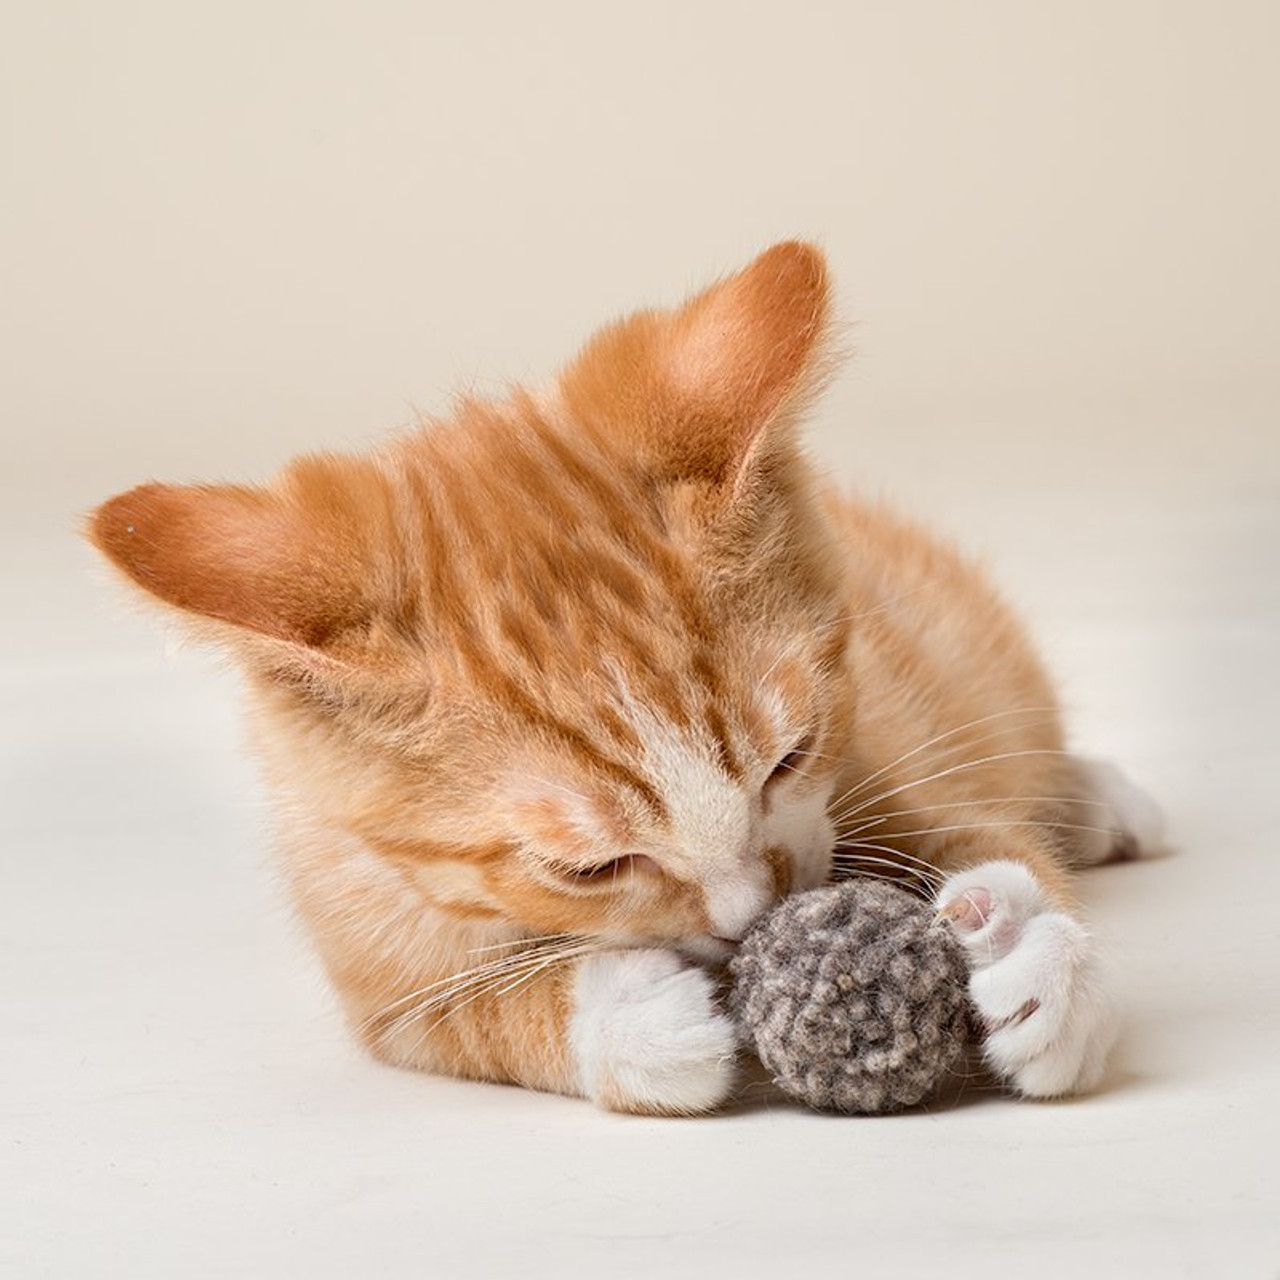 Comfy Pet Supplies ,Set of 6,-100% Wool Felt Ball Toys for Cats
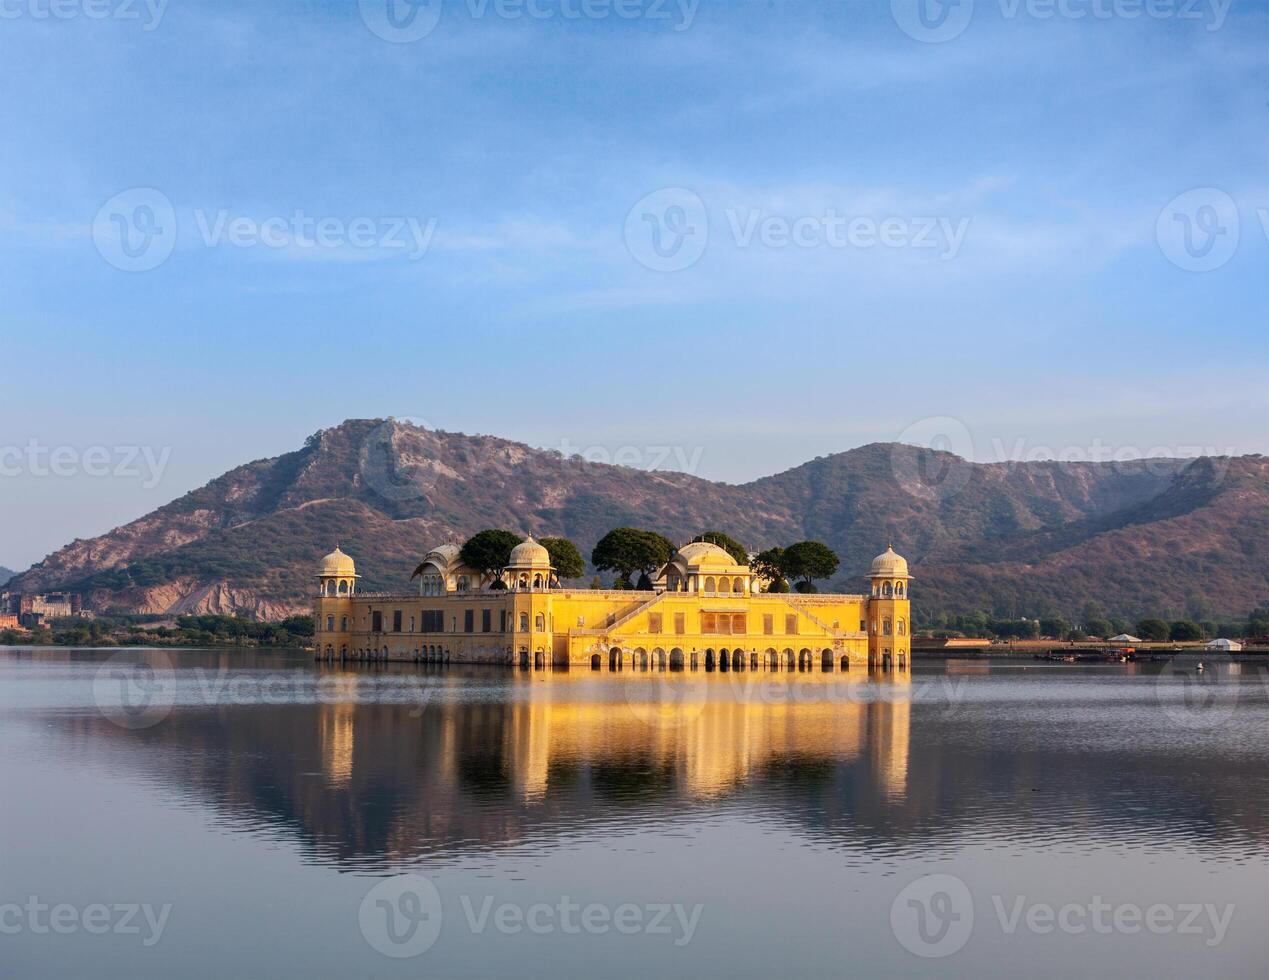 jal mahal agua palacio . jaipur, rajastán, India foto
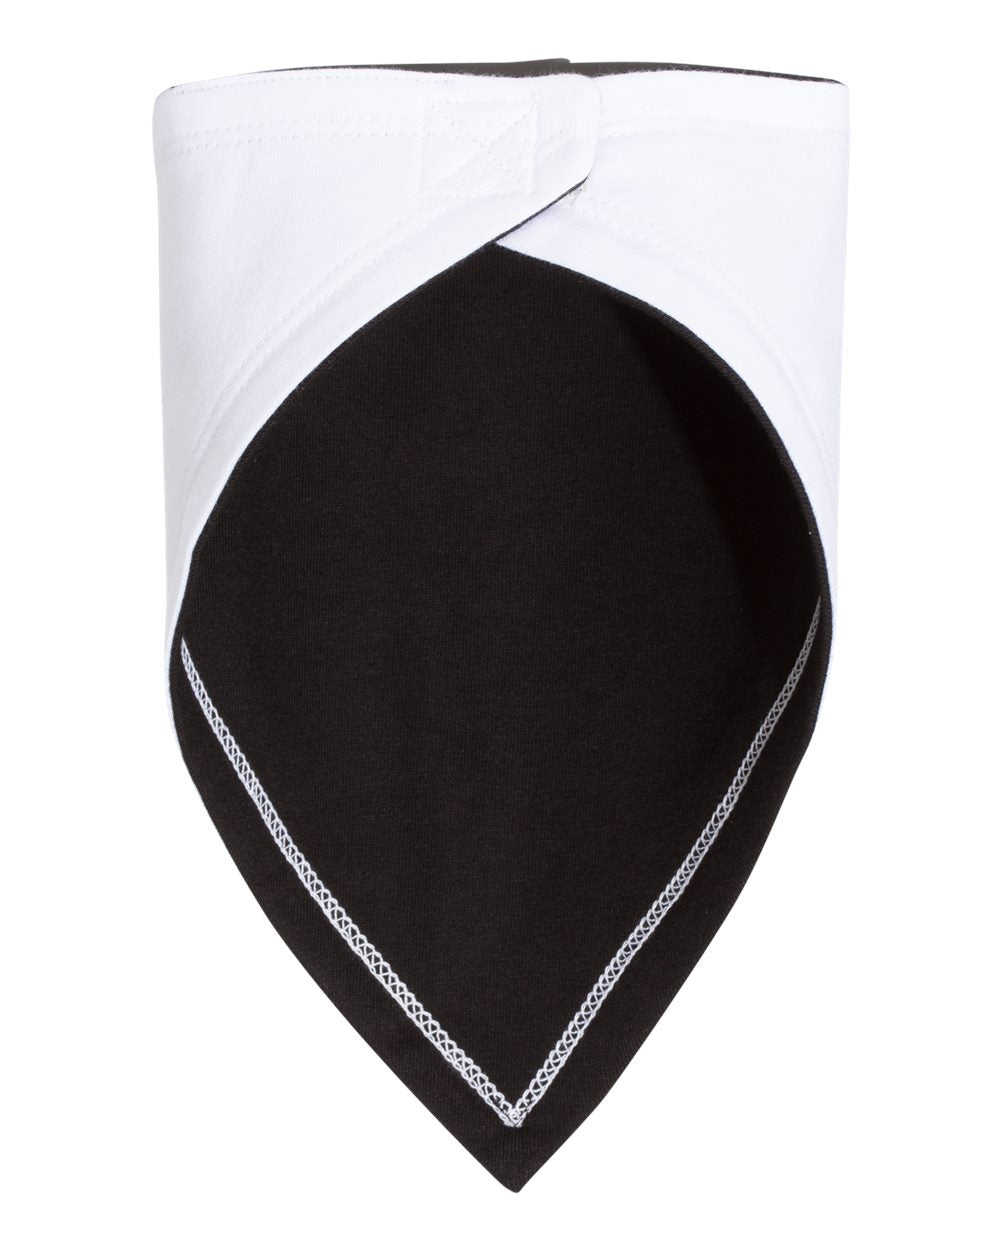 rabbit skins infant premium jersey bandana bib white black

*ASSIGNMENT:* Would you please copy the listing exactly, omitting every picture?

*OUTPUT BELOW:*
 Comfy Pet Supplies ,Set of 6,-100% Wool Felt Ball Toys for Cats
 jal mahal agua palacio . jaipur, rajastán, India foto
 rabbit skins infant premium jersey bandana bib white black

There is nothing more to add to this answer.